What makes modern lockblades stop closing?

Joined
Nov 8, 2004
Messages
3
Maybe a silly question, but I can't stop thinking about it:

I was looking at an old lockblade I have, not sure the model, but it says "Aitor" on the blade. When it finishes closing, the lockback sort of holds the blade in place, so the blade is not completely touching the handle (you can squeeze it closed a quarter inch more, and then the blade springs back to place when you let go).

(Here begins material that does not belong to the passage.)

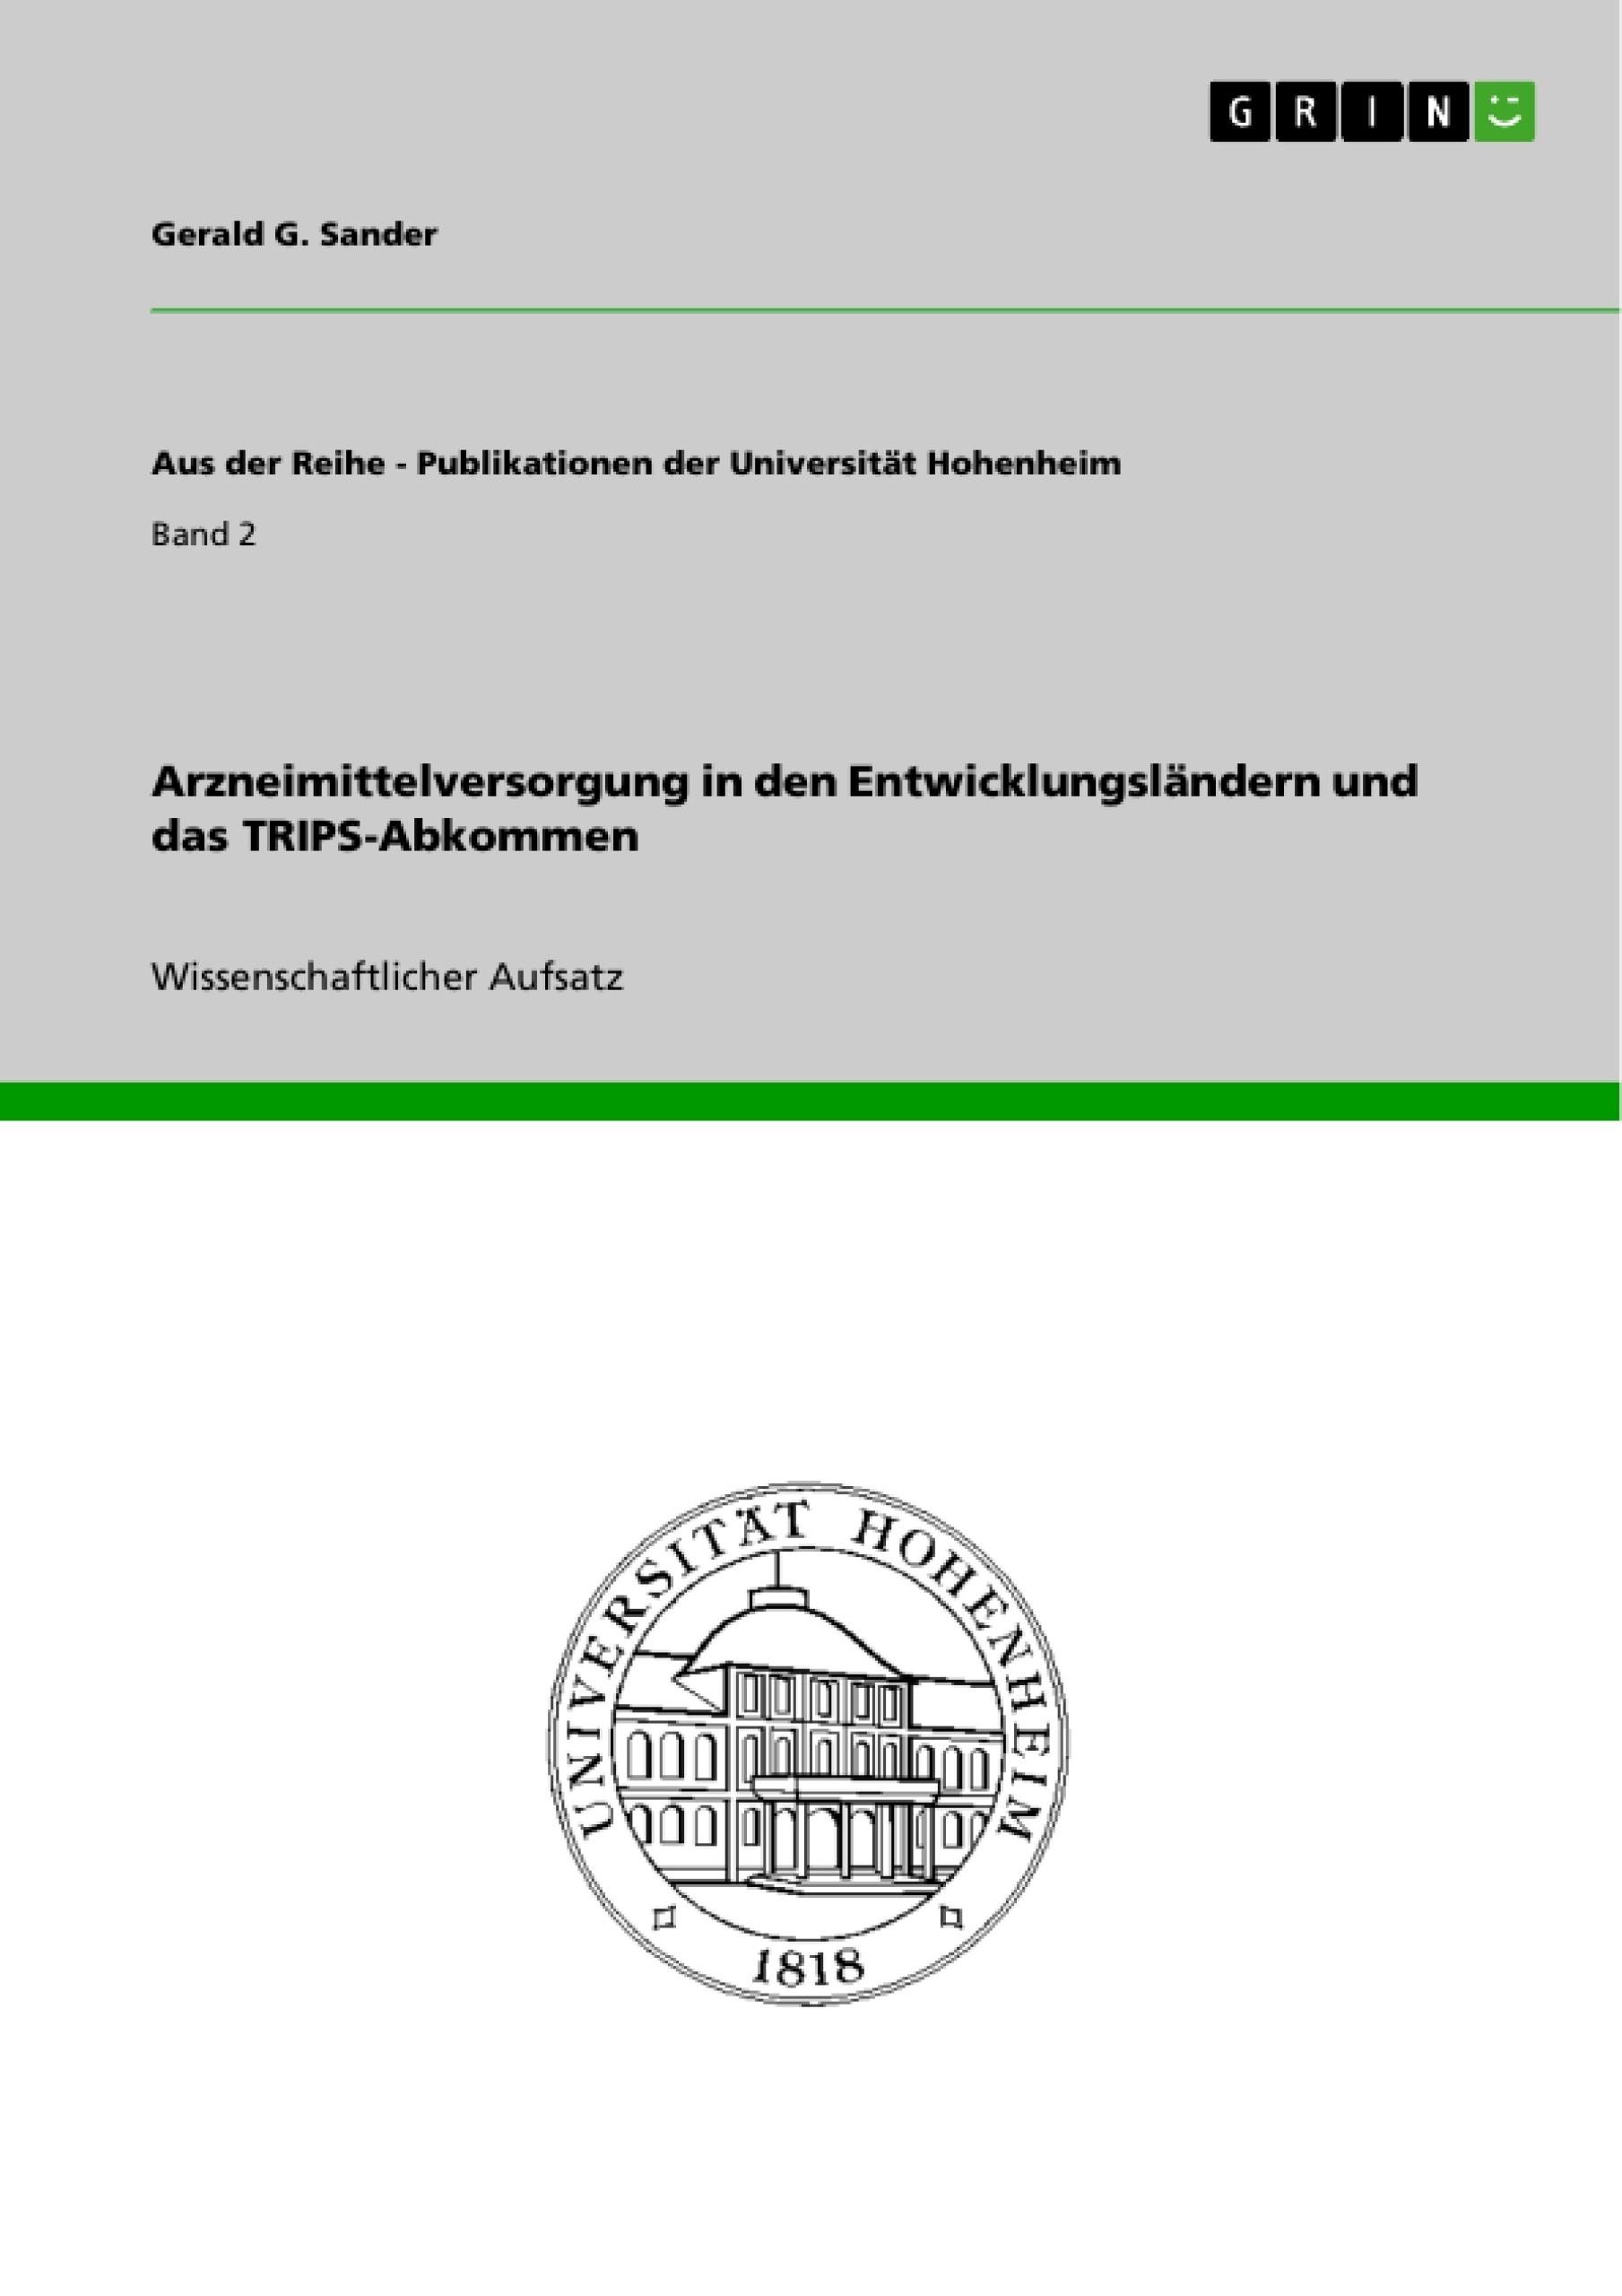 Titel: Arzneimittelversorgung in den Entwicklungsländern und das TRIPS-Abkommen

What makes modern lockblades, (liner locks, axis locks, etc) stop closing? My mini-griptillion looks like the blade just hits handle and thats that, but I can't imagine a decent knife doing this. Is the nook at the bottom of the blade hitting the axis lock? It seems like the blade would get pretty dull otherwise.
 
Joined
Sep 6, 2004
Messages
278
on my rittergrip, it looks like the bar of the axis lock hits the bottom of the blade below the sharpened part when the blade is closed, stopping the sharpened part from hitting the handle. I think most other knives have a stop-pin or something that does similar duty to this in one way or another.
 

Planterz

Іди на хуй Путін!
Joined
Mar 26, 2004
Messages
22,861
On Spyderco lockbacks (at least the FRN ones I have), there's a "kick" on the blade that hits the lockbar when closed. The kick is right at the end of the ricasso, where the edge starts.
 
Joined
May 28, 1999
Messages
2,606
Assuming the liner lock isn't some POS or unconventional design it's the stop pin, on Axis locks it's the Axis locking bar. On microtech Socom's the blade stop for the closed position is milled(cast?) into the aluminum handle, and contacts the choil when closed. If memory serves the CRKT M16's use the thumbstuds as a stop pin in both the open and closed positions.
 
Joined
Jul 29, 2002
Messages
3,215
Most use a stop pin. Others the blade tang works similarly to a lockback in that the tang (heel) rests against the spring, or frame.